*Problem details*. All lines in the material with the string "Ideas" should be listed.

*Source records*.

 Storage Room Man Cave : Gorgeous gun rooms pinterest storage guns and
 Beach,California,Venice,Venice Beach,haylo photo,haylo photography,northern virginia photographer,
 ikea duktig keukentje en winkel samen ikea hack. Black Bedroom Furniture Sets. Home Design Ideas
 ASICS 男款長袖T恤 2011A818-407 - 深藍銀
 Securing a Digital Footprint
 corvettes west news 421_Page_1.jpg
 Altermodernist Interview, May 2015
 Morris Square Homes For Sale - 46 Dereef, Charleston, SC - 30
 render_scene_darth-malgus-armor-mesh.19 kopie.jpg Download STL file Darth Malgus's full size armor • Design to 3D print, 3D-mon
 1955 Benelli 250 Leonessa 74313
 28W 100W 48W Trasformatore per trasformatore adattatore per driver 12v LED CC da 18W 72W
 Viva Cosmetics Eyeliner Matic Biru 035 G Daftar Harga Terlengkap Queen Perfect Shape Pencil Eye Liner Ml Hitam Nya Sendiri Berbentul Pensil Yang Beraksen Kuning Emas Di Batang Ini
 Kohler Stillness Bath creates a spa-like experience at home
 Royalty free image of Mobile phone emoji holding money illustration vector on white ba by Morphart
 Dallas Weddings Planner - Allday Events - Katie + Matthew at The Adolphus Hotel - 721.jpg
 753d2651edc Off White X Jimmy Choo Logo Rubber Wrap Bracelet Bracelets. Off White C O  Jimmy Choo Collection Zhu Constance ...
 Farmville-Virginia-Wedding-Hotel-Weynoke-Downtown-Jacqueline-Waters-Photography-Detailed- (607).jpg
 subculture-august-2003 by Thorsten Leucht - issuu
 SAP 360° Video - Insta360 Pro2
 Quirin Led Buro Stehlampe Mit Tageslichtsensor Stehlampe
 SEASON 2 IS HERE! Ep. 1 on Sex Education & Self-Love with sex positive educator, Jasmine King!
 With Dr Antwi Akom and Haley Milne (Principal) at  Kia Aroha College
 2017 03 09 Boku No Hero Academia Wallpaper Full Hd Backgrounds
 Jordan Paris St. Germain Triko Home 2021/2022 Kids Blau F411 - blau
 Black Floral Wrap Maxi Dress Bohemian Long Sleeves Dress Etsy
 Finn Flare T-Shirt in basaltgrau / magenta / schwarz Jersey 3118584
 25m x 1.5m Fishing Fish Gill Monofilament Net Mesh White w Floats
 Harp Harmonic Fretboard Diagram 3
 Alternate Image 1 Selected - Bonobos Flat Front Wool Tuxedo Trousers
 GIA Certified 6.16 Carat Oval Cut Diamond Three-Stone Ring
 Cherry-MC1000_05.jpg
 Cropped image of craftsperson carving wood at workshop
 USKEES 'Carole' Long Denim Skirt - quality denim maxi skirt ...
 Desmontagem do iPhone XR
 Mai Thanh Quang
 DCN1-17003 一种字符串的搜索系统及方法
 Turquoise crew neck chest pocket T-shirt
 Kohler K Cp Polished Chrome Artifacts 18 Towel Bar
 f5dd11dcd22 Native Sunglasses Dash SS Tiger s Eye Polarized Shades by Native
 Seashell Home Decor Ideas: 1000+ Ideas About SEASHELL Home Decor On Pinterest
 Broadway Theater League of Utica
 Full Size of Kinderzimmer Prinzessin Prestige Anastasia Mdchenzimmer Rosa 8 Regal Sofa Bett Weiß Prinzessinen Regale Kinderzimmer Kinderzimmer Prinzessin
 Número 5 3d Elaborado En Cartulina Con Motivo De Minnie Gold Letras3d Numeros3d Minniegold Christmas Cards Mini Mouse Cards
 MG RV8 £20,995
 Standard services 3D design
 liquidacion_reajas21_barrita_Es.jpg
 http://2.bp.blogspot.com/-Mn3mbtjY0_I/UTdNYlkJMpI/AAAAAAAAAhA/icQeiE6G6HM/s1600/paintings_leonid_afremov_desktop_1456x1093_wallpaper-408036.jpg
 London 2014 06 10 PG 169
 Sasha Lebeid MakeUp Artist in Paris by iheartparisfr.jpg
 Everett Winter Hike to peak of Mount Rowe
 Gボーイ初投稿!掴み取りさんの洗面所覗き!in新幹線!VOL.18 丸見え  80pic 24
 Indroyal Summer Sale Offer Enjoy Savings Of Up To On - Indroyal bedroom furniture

*Solution*.
 ikea duktig keukentje en winkel samen ikea hack. Black Bedroom Furniture Sets. Home Design Ideas
 Seashell Home Decor Ideas: 1000+ Ideas About SEASHELL Home Decor On Pinterest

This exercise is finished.